Substitution rearranges one equation to make one unknown the subject, then puts that expression into the other equation. This works well when one equation already has a unknown with coefficient $1$, such as $y = 2x - 1$.

Checking the solution

A solution to a pair of simultaneous equations must satisfy both equations. Substitute your values back into the equation you did not use to find them, as a check.

Examples in context

Example 1. Two unknown prices. If $3$ pens and $2$ rulers cost $7.40$ dollars and $1$ pen and $4$ rulers cost $6.80$ dollars, the two relationships form simultaneous equations whose solution gives the price of each item. Many word problems reduce to exactly this.

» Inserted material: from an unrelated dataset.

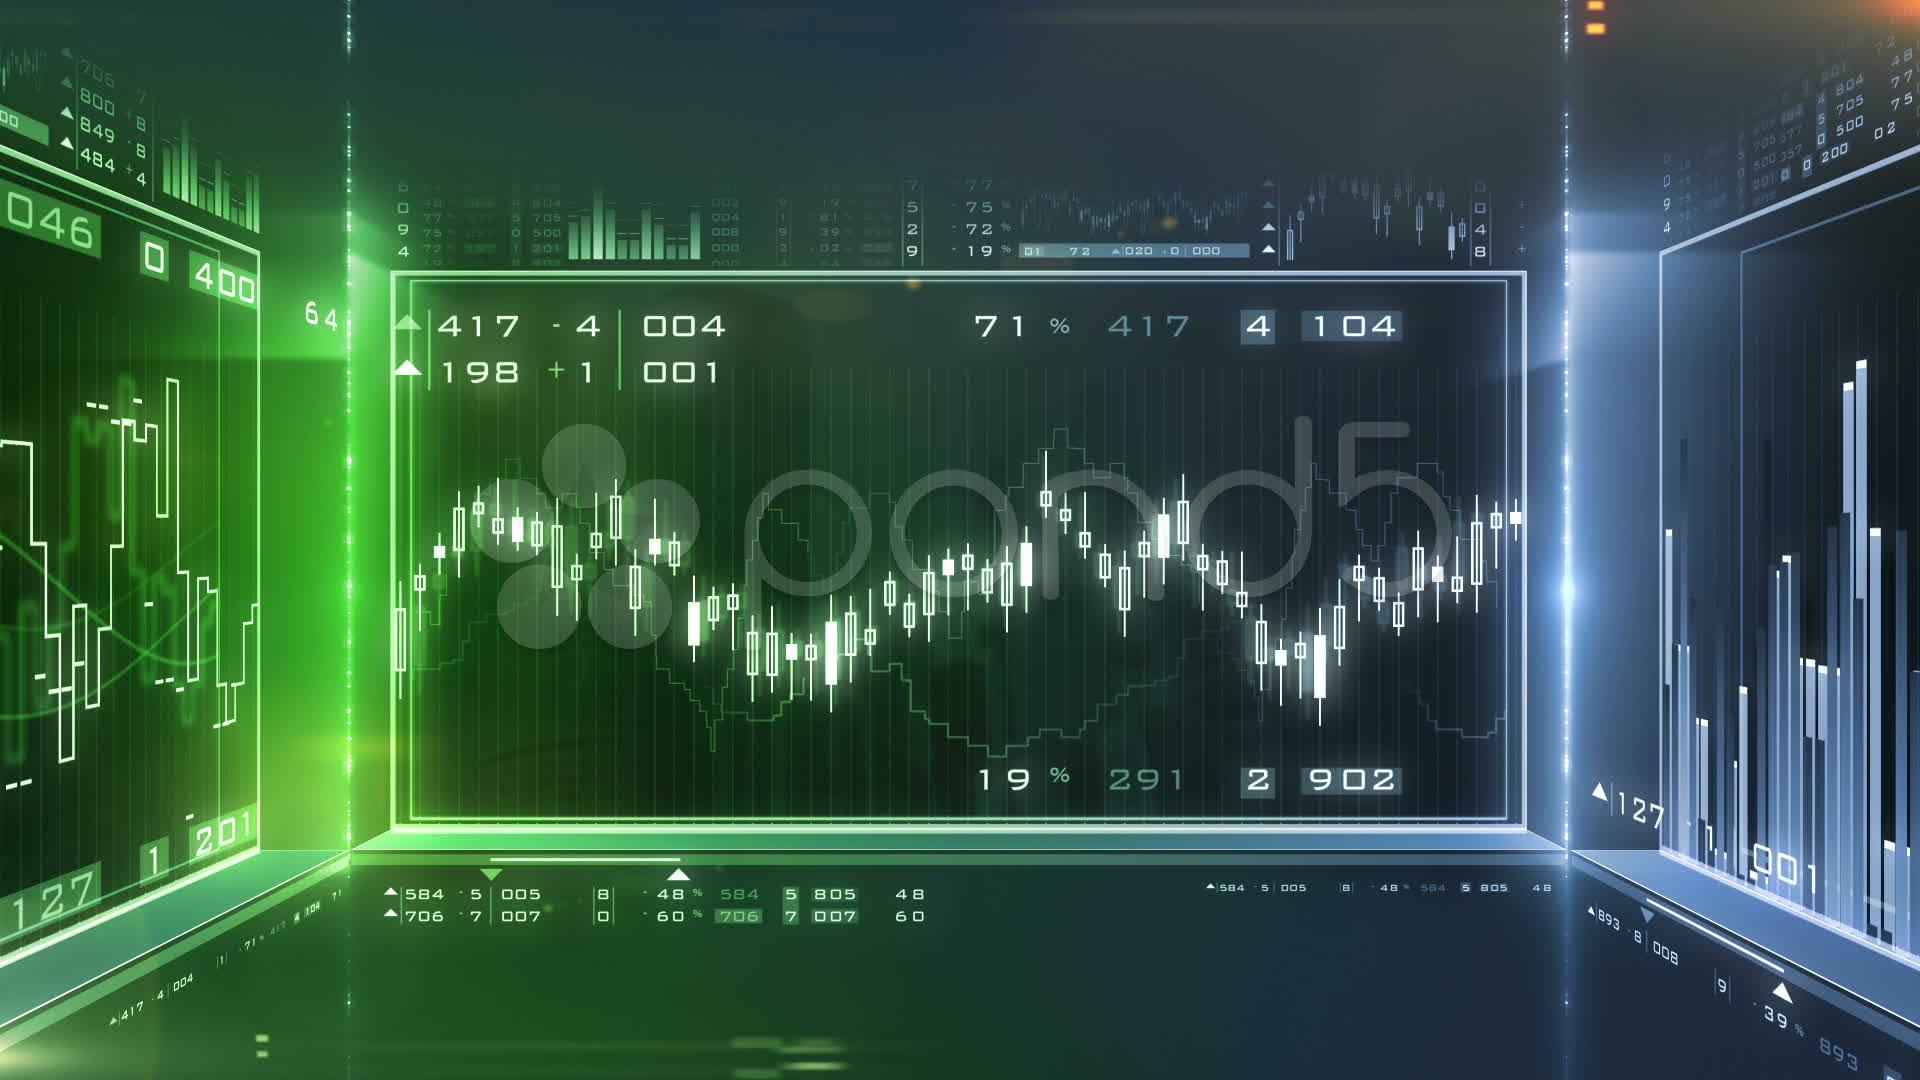 Oscillators and Momentum Indicators

Example 2. Intersecting lines. Solving $y = 2x + 1$ and $y = -x + 7$ simultaneously gives the point where the two straight lines cross, linking algebra to coordinate geometry. The solution $(2, 5)$ is the intersection point.

Try this

Q1. Solve $4(x - 2) = 2x + 6$. [2 marks]

• Cue. Expand: $4x - 8 = 2x + 6$, so $2x = 14$ and $x = 7$.

Q2. Solve $\dfrac{x}{2} + \dfrac{x}{3} = 5$. [2 marks]

• Cue. Multiply through by $6$: $3x + 2x = 30$, so $5x = 30$ and $x = 6$.

Q3. Solve $x + y = 10$ and $x - y = 4$. [3 marks]

• Cue. Add the equations: $2x = 14$, so $x = 7$, then $y = 3$.